Instructions for the task:
Say the data back exactly as it is written below.

-- Provided records follows --

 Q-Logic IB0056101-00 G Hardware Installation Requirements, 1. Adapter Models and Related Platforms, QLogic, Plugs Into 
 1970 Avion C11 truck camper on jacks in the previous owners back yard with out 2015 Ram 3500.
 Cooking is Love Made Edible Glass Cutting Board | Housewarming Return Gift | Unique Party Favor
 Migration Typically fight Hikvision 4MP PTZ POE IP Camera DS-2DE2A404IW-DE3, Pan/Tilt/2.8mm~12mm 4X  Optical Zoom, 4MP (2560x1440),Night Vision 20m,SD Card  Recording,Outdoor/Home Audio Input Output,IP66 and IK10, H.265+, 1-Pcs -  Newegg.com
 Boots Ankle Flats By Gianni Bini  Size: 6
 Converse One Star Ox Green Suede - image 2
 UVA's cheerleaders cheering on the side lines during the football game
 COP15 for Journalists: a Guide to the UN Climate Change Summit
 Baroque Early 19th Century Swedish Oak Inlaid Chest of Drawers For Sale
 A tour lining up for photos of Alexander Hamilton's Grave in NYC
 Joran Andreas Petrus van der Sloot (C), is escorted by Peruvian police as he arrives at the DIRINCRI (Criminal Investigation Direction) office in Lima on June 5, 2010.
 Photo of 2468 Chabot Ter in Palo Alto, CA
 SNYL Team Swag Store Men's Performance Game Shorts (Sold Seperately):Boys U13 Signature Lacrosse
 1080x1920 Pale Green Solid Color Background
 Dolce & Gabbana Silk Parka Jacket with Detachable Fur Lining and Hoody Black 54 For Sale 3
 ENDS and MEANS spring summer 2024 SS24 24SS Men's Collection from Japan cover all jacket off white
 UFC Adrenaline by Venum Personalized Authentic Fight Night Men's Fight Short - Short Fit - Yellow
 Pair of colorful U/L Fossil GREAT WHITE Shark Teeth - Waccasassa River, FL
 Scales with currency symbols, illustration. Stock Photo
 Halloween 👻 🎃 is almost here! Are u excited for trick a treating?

-- Provided records concluded --

Reply to the exercise:
 Q-Logic IB0056101-00 G Hardware Installation Requirements, 1. Adapter Models and Related Platforms, QLogic, Plugs Into 
 1970 Avion C11 truck camper on jacks in the previous owners back yard with out 2015 Ram 3500.
 Cooking is Love Made Edible Glass Cutting Board | Housewarming Return Gift | Unique Party Favor
 Migration Typically fight Hikvision 4MP PTZ POE IP Camera DS-2DE2A404IW-DE3, Pan/Tilt/2.8mm~12mm 4X  Optical Zoom, 4MP (2560x1440),Night Vision 20m,SD Card  Recording,Outdoor/Home Audio Input Output,IP66 and IK10, H.265+, 1-Pcs -  Newegg.com
 Boots Ankle Flats By Gianni Bini  Size: 6
 Converse One Star Ox Green Suede - image 2
 UVA's cheerleaders cheering on the side lines during the football game
 COP15 for Journalists: a Guide to the UN Climate Change Summit
 Baroque Early 19th Century Swedish Oak Inlaid Chest of Drawers For Sale
 A tour lining up for photos of Alexander Hamilton's Grave in NYC
 Joran Andreas Petrus van der Sloot (C), is escorted by Peruvian police as he arrives at the DIRINCRI (Criminal Investigation Direction) office in Lima on June 5, 2010.
 Photo of 2468 Chabot Ter in Palo Alto, CA
 SNYL Team Swag Store Men's Performance Game Shorts (Sold Seperately):Boys U13 Signature Lacrosse
 1080x1920 Pale Green Solid Color Background
 Dolce & Gabbana Silk Parka Jacket with Detachable Fur Lining and Hoody Black 54 For Sale 3
 ENDS and MEANS spring summer 2024 SS24 24SS Men's Collection from Japan cover all jacket off white
 UFC Adrenaline by Venum Personalized Authentic Fight Night Men's Fight Short - Short Fit - Yellow
 Pair of colorful U/L Fossil GREAT WHITE Shark Teeth - Waccasassa River, FL
 Scales with currency symbols, illustration. Stock Photo
 Halloween 👻 🎃 is almost here! Are u excited for trick a treating?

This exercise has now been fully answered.